What to do:
This exercise calls for the whole listing to be given again exactly, without images.

The data:
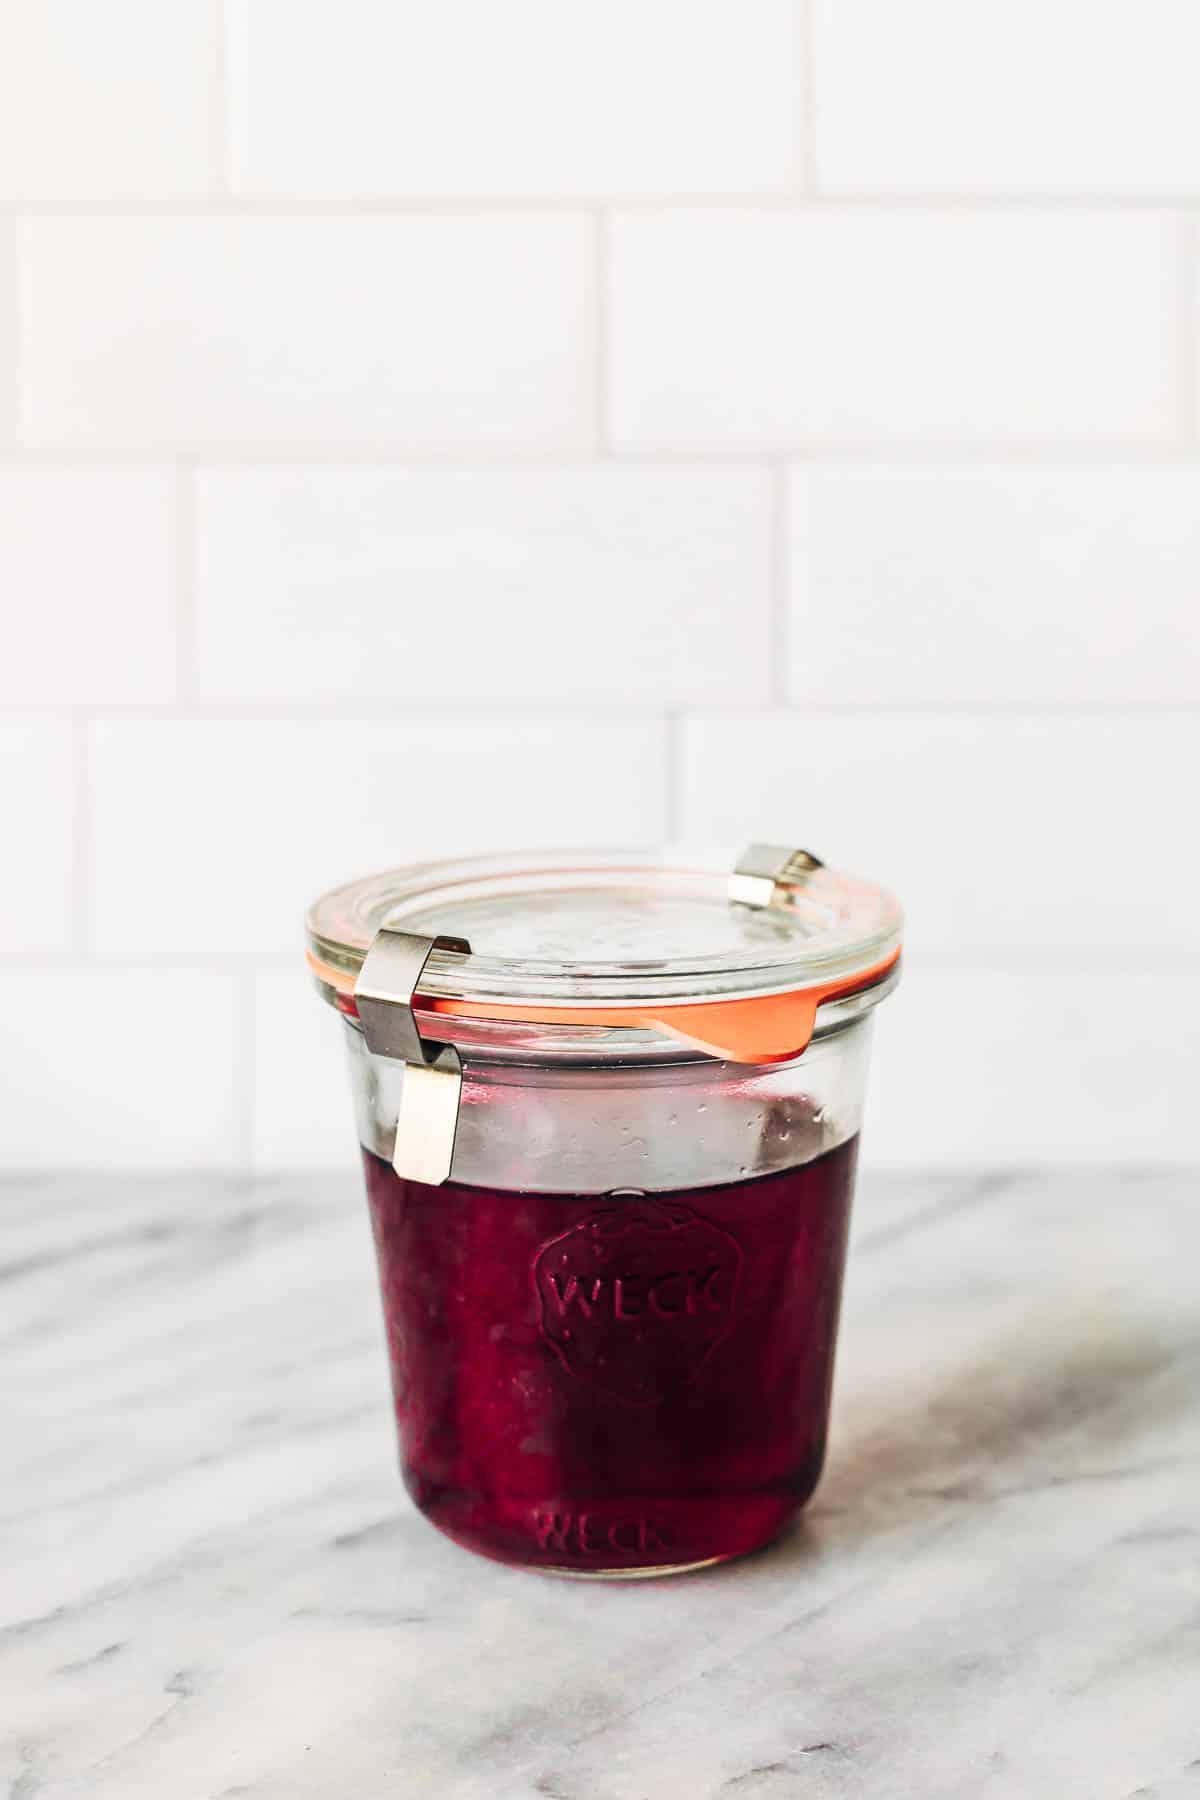 Hibiscus syrup in a small glass jar on a kitchen counter.
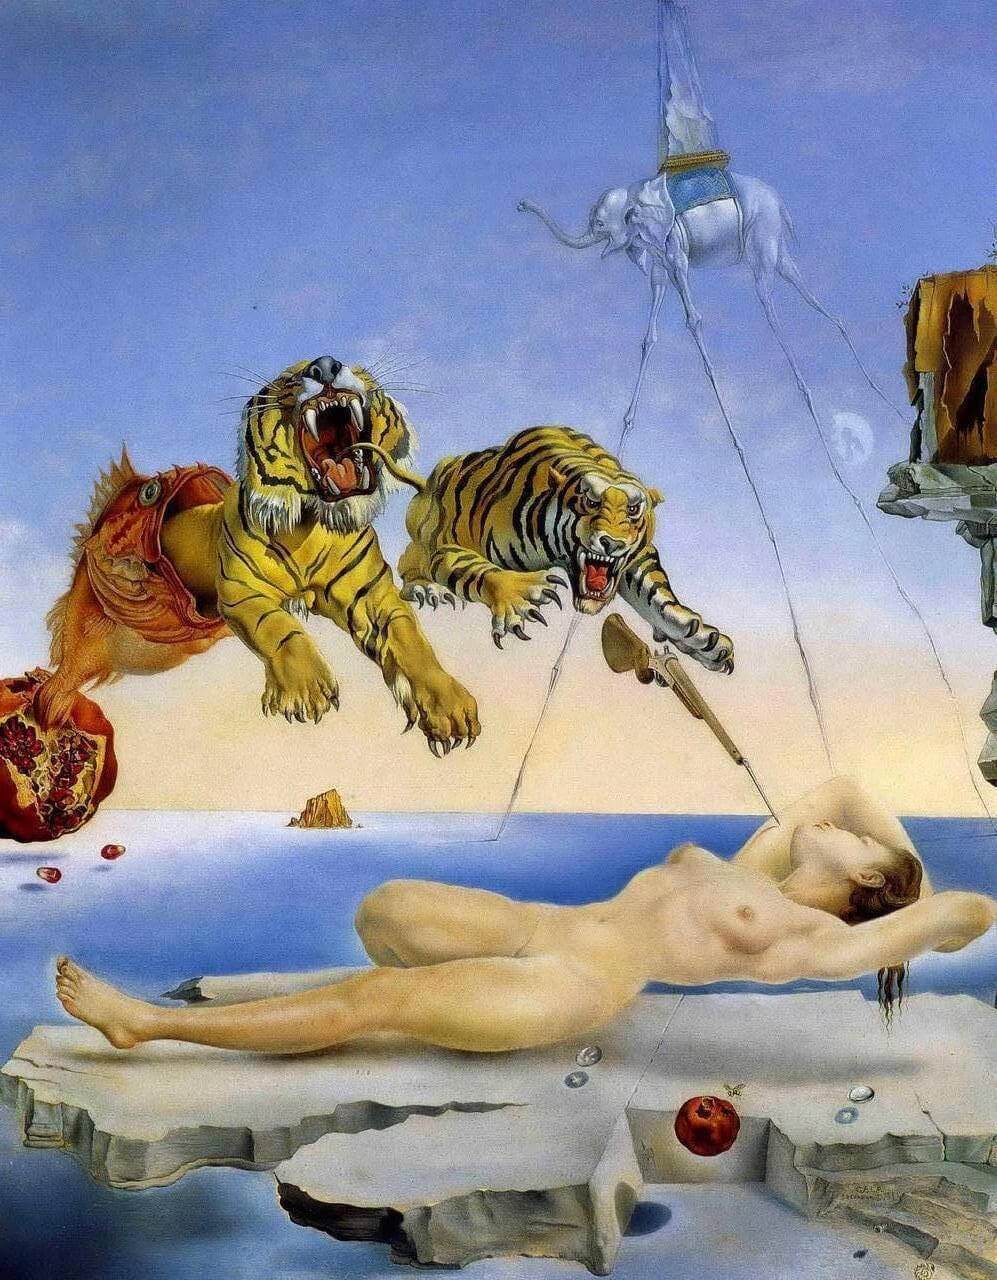 Freud's influence on Dali's surreal dream art - Park West Gallery
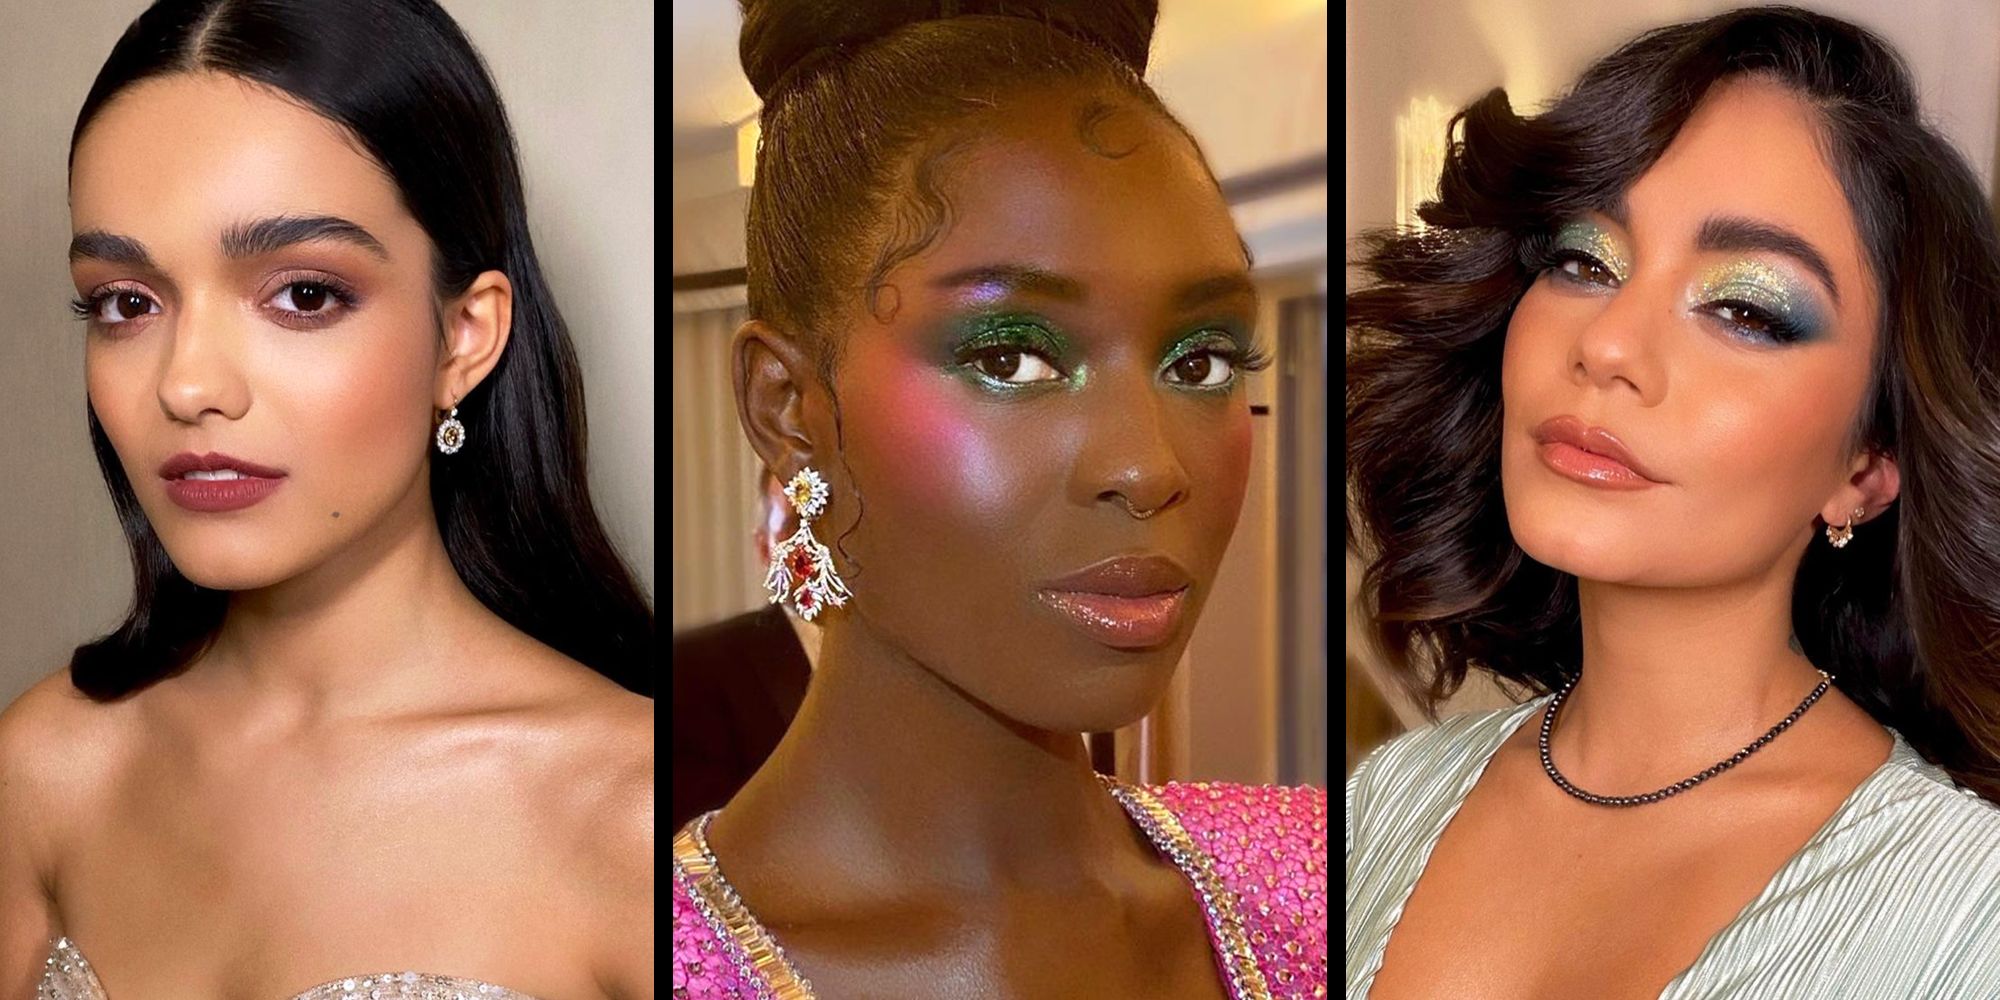 5 Cute Makeup Looks To Try For Spring Break 2022
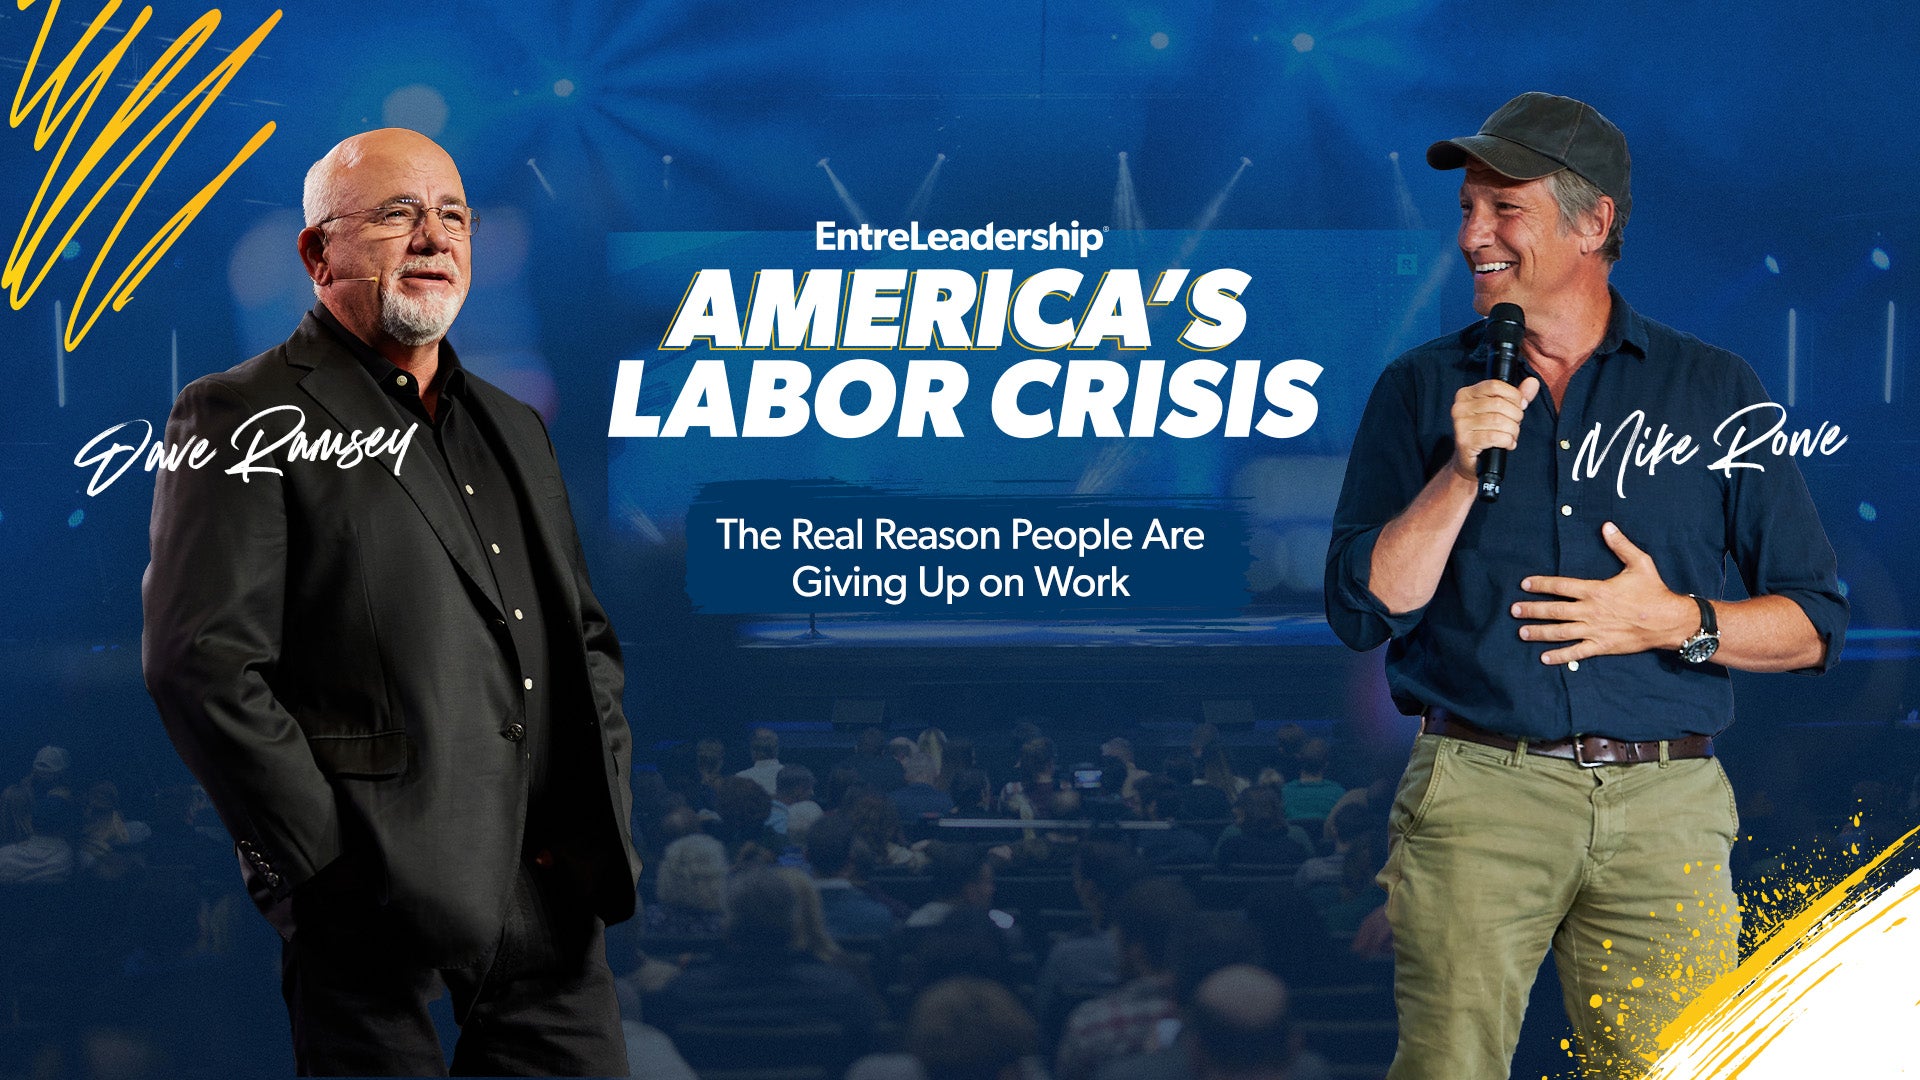 America's Labor Crisis with Dave Ramsey and Mike Rowe

Exercise solution:
 Hibiscus syrup in a small glass jar on a kitchen counter.
 Freud's influence on Dali's surreal dream art - Park West Gallery
 5 Cute Makeup Looks To Try For Spring Break 2022
 America's Labor Crisis with Dave Ramsey and Mike Rowe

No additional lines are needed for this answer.